On pourrait croire que les travailleurs de l’entreprise – amenés là depuis d’autres régions du pays – sont les seuls bénéficiaires de ces plantations. En réalité, ce n’est pas non plus le cas. « HEVECAM c’est l’esclavage », affirme une personne qui a travaillé pendant 7 ans dans l’entreprise. Elle parlait des salaires extrêmement bas, du travail pénible, de maladies respiratoires, de cécité, de tuberculose, d’une mortalité élevée, de renvois arbitraires et de l’impossibilité de se syndicaliser.

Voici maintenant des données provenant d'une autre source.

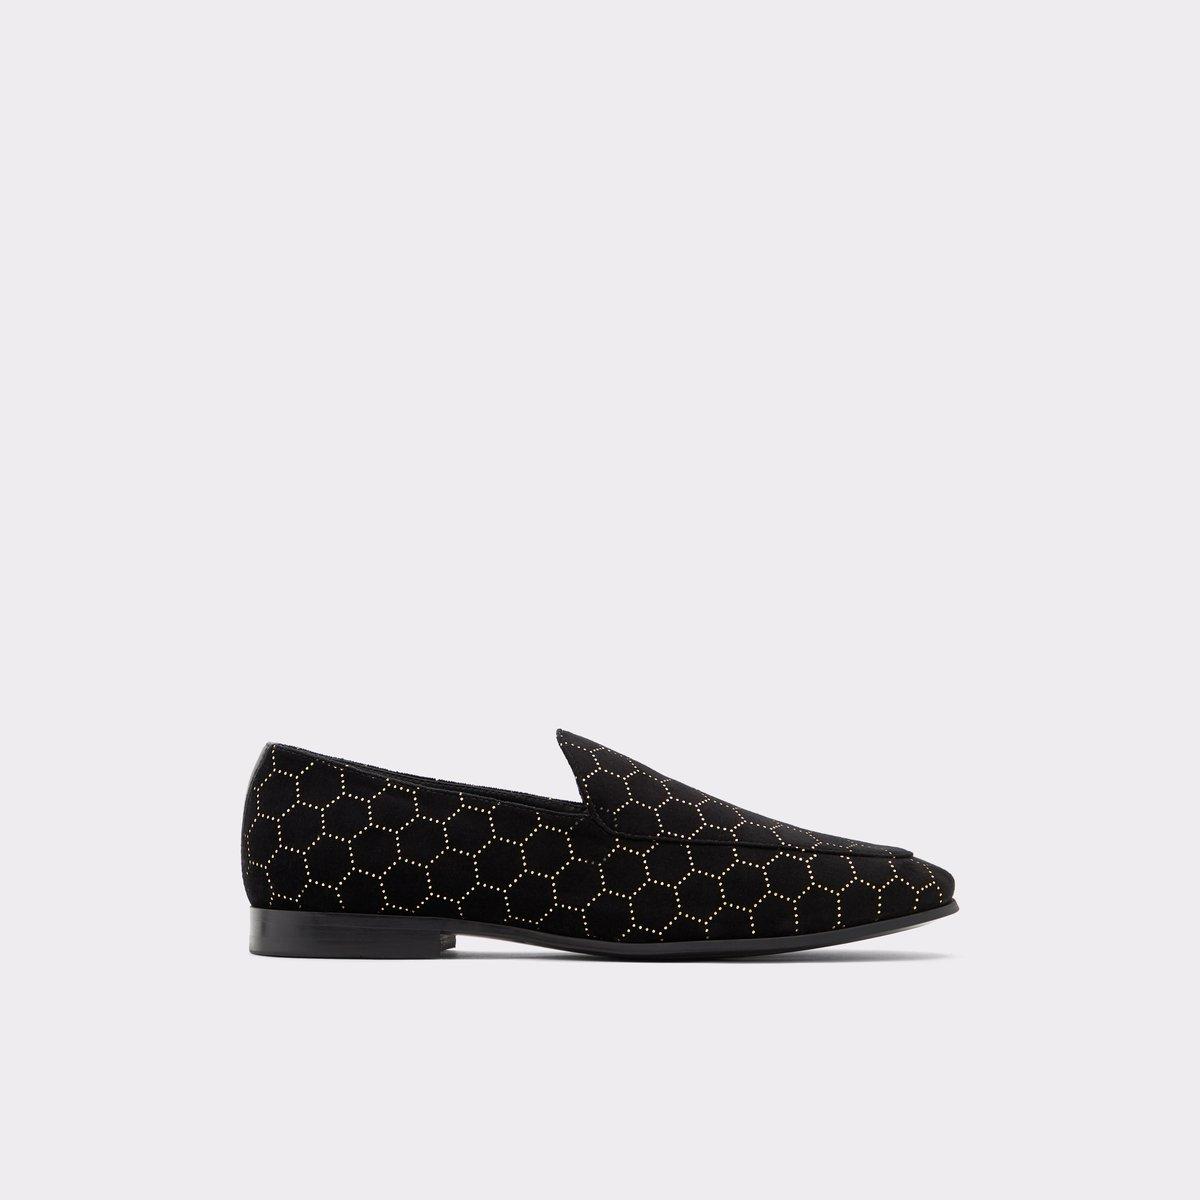 Qirarien Black Textile Men's Loafers

Nous avons alors visité un des villages construits par l’entreprise et nous avons discuté avec divers travailleurs. Ils nous ont expliqué qu’ils avaient des problèmes constants avec l’eau potable, que les latrines étaient pleines, que tout ceci avait pour conséquence une abondance des moustiques, avec comme corollaire diarrhées, choléra et paludisme. Ils doivent vivre « comprimés » dans les maisons, car obtenir une maison de deux pièces n’est pas facile. Ainsi, la majorité des familles doivent vivre dans une seule pièce. Comme les maisons sont la propriété de l’entreprise, si les travailleurs sont renvoyés, ou s’ils partent à la retraite, ils se retrouvent automatiquement sans logement où vivre.

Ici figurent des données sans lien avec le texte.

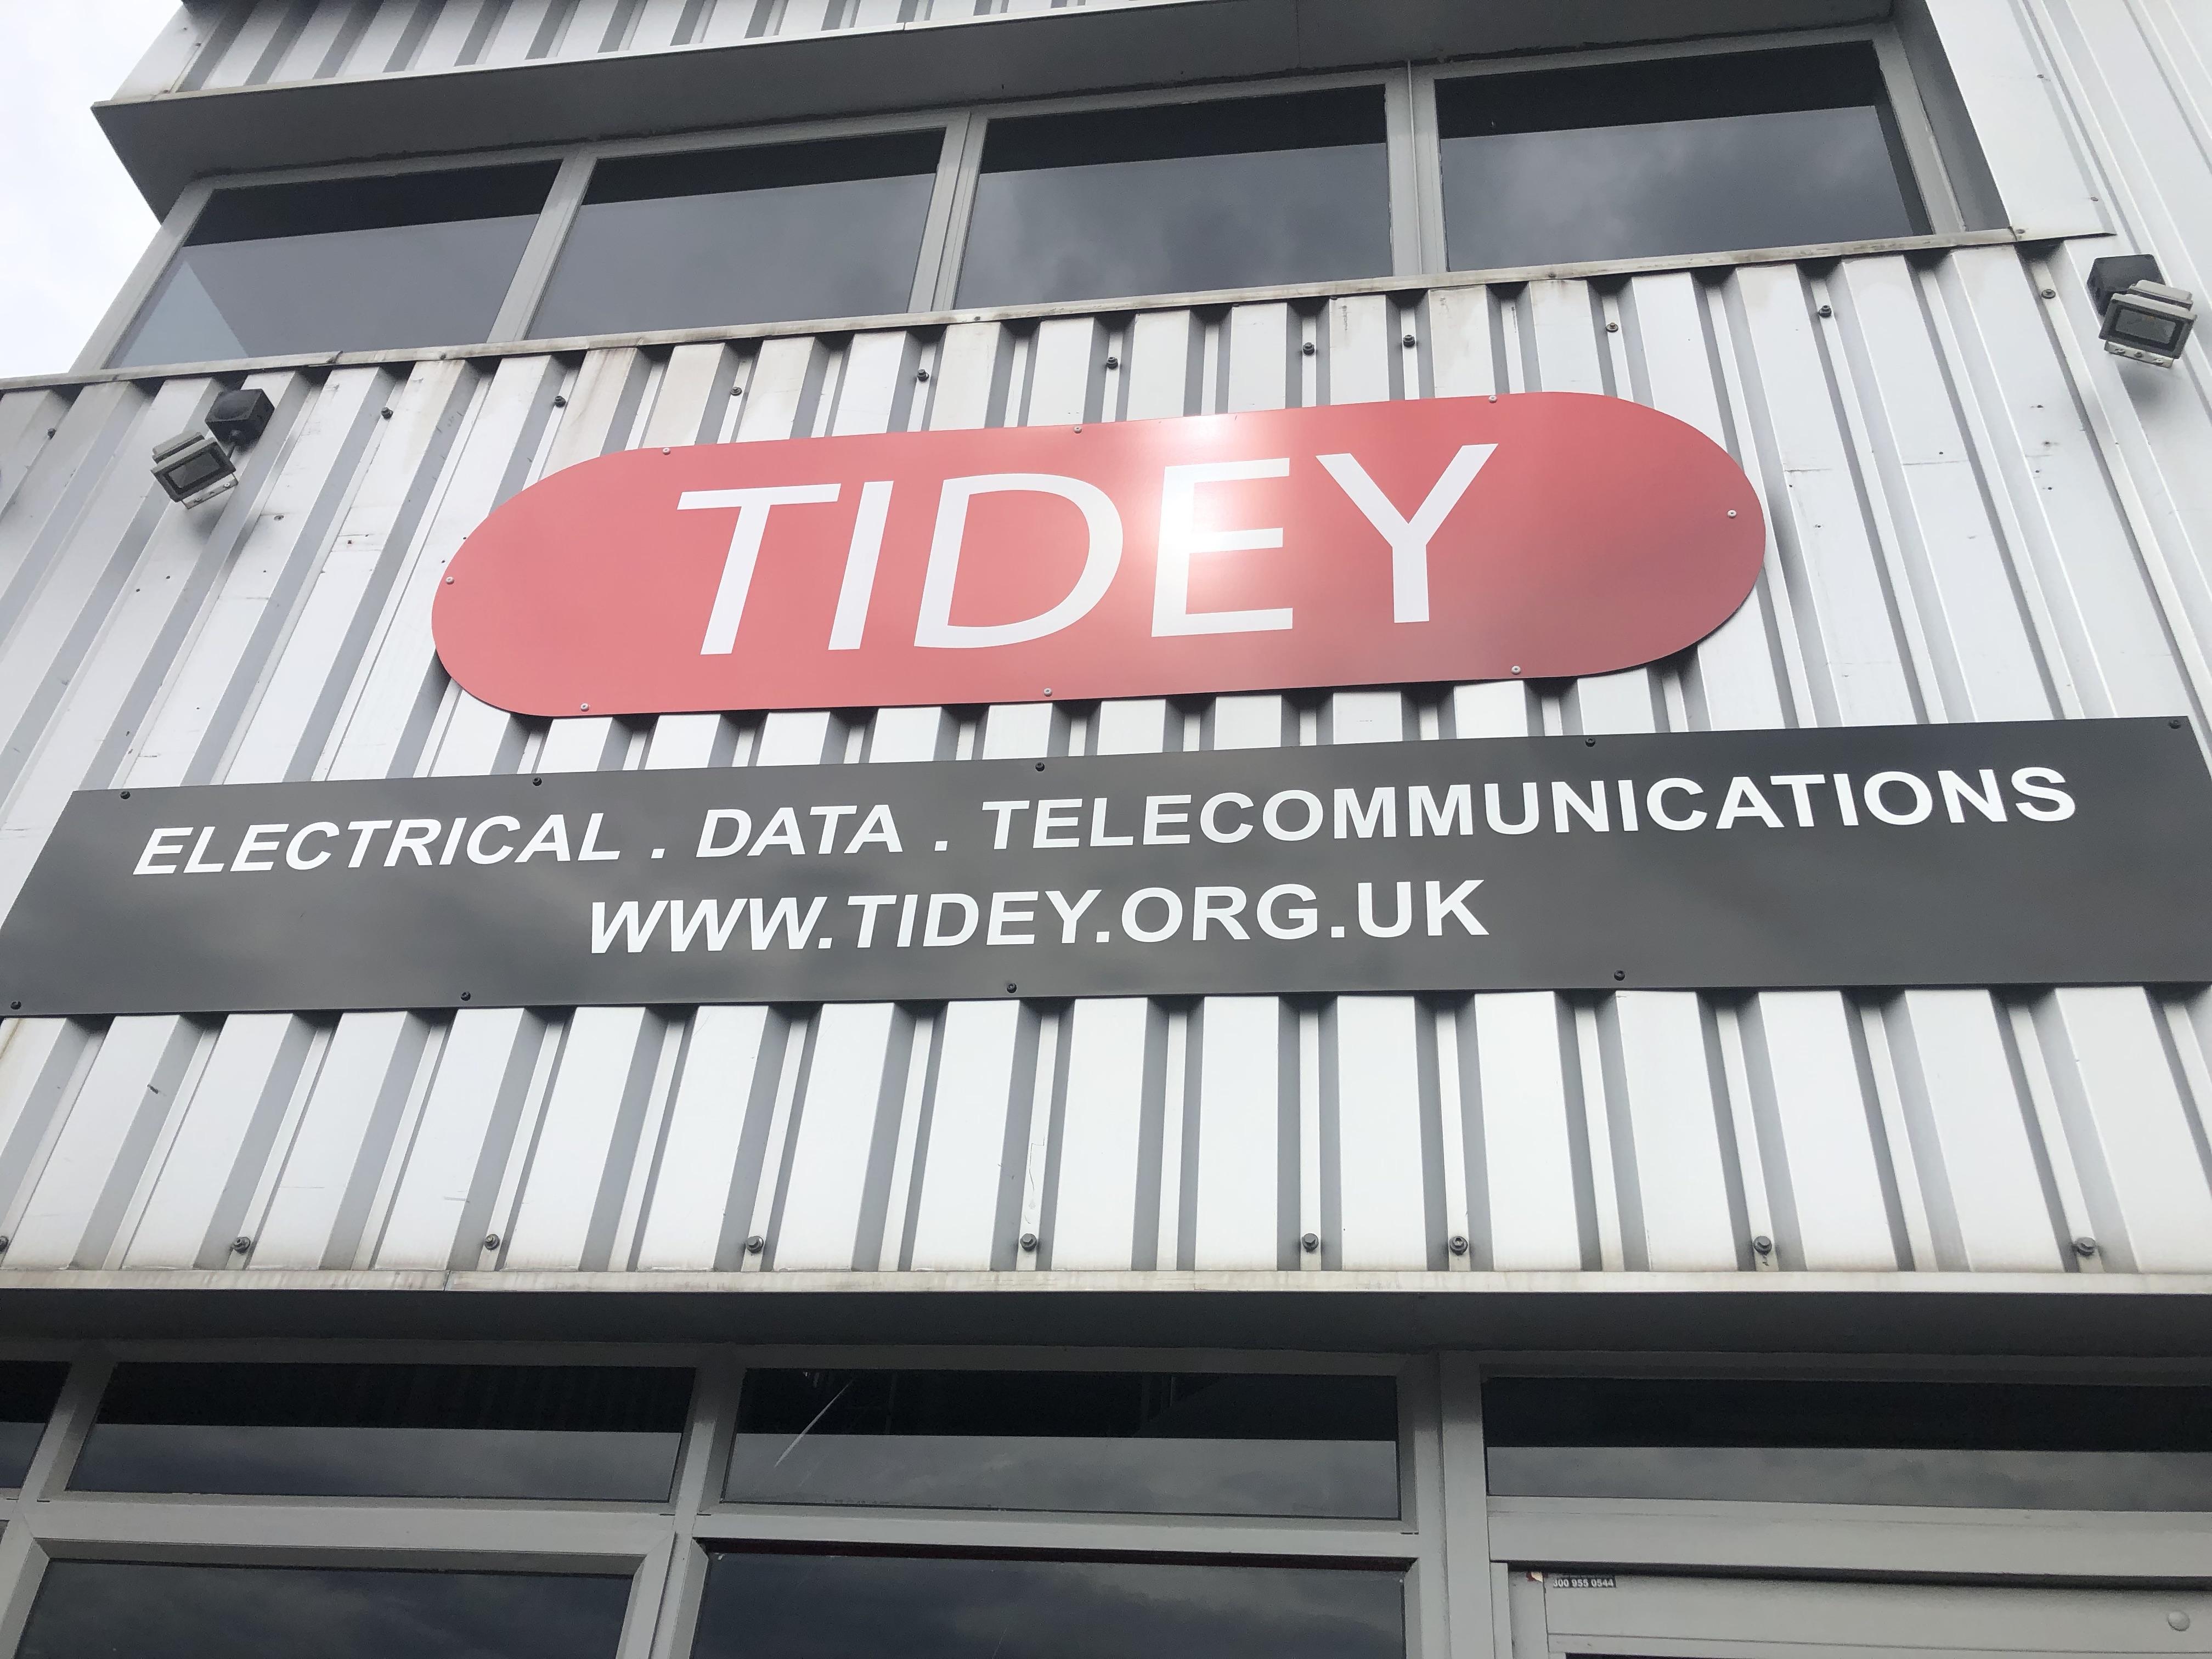 Tidey, Data, Electrical & Telecommunications

Ils nous ont également expliqué le système de transport mis en place par l’entreprise pour les travailleurs. Il s’agit de véhicules en sous-traitance obligés de respecter des horaires déterminés pour parcourent les 40 km entre le village et la plantation, ce qui est la cause d’accidents fréquents. Ils nous ont parlé de l’application des herbicides et engrais, sans gants ni équipement de protection. Ils nous ont également expliqué que certains travailleurs sont devenus aveugles, car sous ce climat, il est très difficile de porter les lunettes de protection fournies par l’entreprise et celle-ci ne fait rien pour trouver une solution à ce problème.
Si ces informations paraissaient effectivement confirmer qu’« HEVECAM c’est l’esclavage », cette affirmation s’est encore renforcée lorsque les travailleurs nous ont expliqué que la seule chose qui ait changé avec la privatisation de l’entreprise en 1996 (le groupe singapourien GMG International en est l’actuel propriétaire) a été l’apparition de nouvelles marques de voitures utilisées par les hauts cadres. « On nous a acheté de la même façon que les hévéas ». Comme à l’époque de l’esclavage…
Ricardo Carrere, sur la base d’informations collectées durant un séjour dans la région en décembre 2006 avec les chercheurs Sandra Veuthey et Julien-François Gerber. L’auteur remercie l’appui du Centre pour l'Environnement et le Développement (CED), qui a rendu possible le séjour.